Market complacency may be its undoing

Welcome to the Q1 reporting season. If you hadn’t noticed yet, Easter came early this year (good for retailers, airlines etc) and there is a minefield of shifting currencies and commodity prices to adjust for as well as some decidedly mixed macro data coming out from the major trading economies. If you’re selling out of a Euro manufacturing base or consuming a lot of energy, then chances are that Q1 2015 is proving a relatively benign results season. For those outside of this magic circle, then perhaps one should think beyond the share buybacks and start applying cheap capital to leverage cost synergies through acquisitions. Fedex buying TNT, Heinz buying Kraft Foods and Shell buying BG are all manifestations of this process.
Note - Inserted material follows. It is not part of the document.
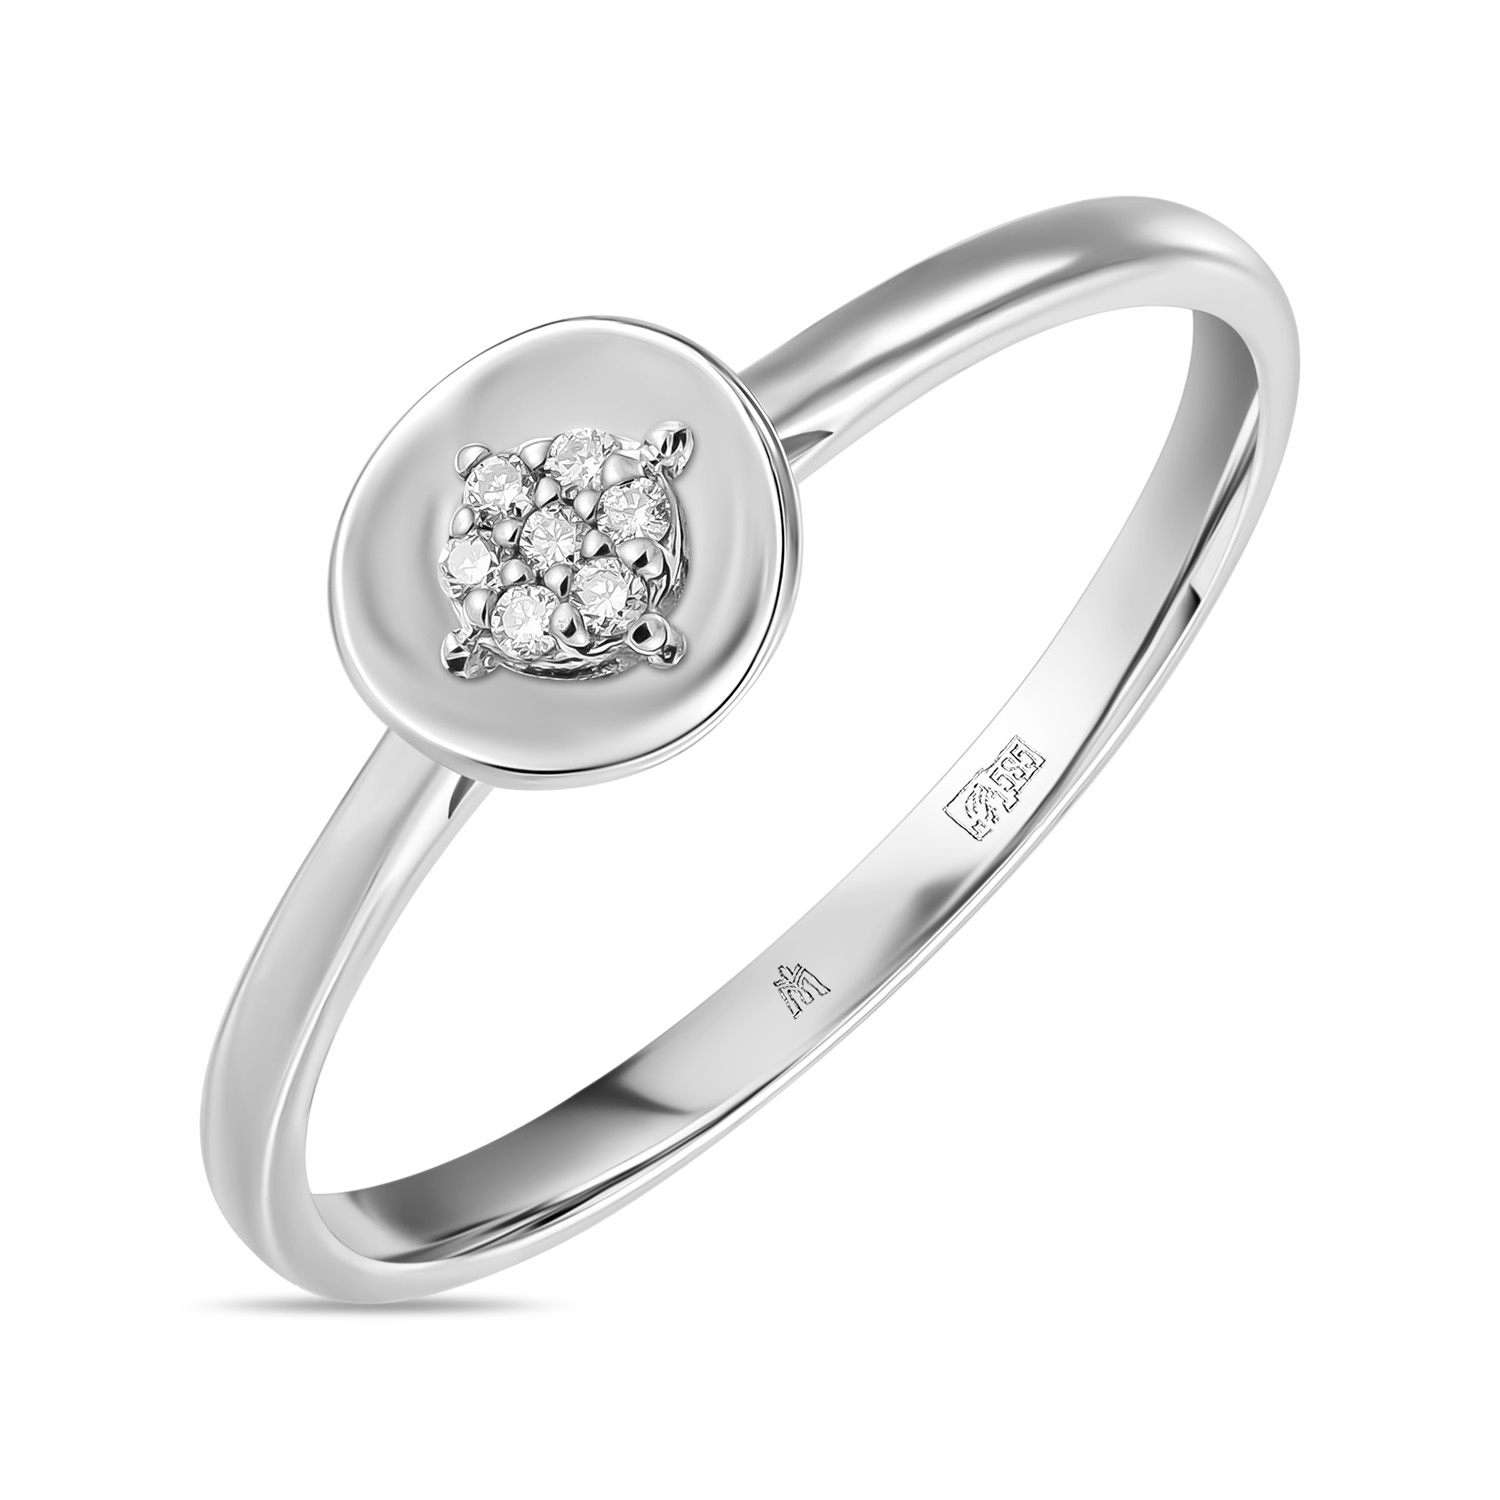 Золотое кольцо c бриллиантами, цвет белый - фото 1

In a World dominated by QE and its accompanying financial repression and currency wars however, none of this really matters. As long as governments and central banks can sustain the illusion of endless liquidity without flipping their currencies into free-fall and hyperinflation, real price discovery will continue to be crowded out by the carry-trade junkies in what is increasingly a zero sum game of beggar-thy-neighbour. Unfortunately, as with any hard drug addiction, this is a habit that is going to prove difficult, if not impossible for politicians to kick. The consequence of US tapering of QE has been a rise in US dollar and fall in commodity prices as liquidity supporting these asset classes dried up. While the latter has been supportive of domestic consumption, the former has monkey-hammered US GDP growth expectations and with it China, as recent March trade data highlights. In our new world order where good news is bad and the reverse also applies, then falling growth can only mean one thing, the spice must flow again. Forget an early US interest rate increase and indeed brace yourselves for the taps to be opened again. With record oil stocks and the prospects for yet more excess supply to arrive following a possible rapprochement with Iran, why else have oil prices rebounded against this backdrop of falling GDP expectations?


Perhaps perversely, the market’s attempt to discount such an eventuality may be its very undoing. If asset prices remain elevated in the anticipation that the falling GDP expectations will necessitate QE4ever-wherever, then what is going is going to provide the catalyst and political cover for the Fed and PBOC to defer its rate increases and possibly engage in a little surreptitious pumping? Clearly a market dump will need to be engineered first which may well also explain the self-interested warnings from some leading Wall Street banks that a correction may on its way. As the instructions say, “Rinse, repeat”.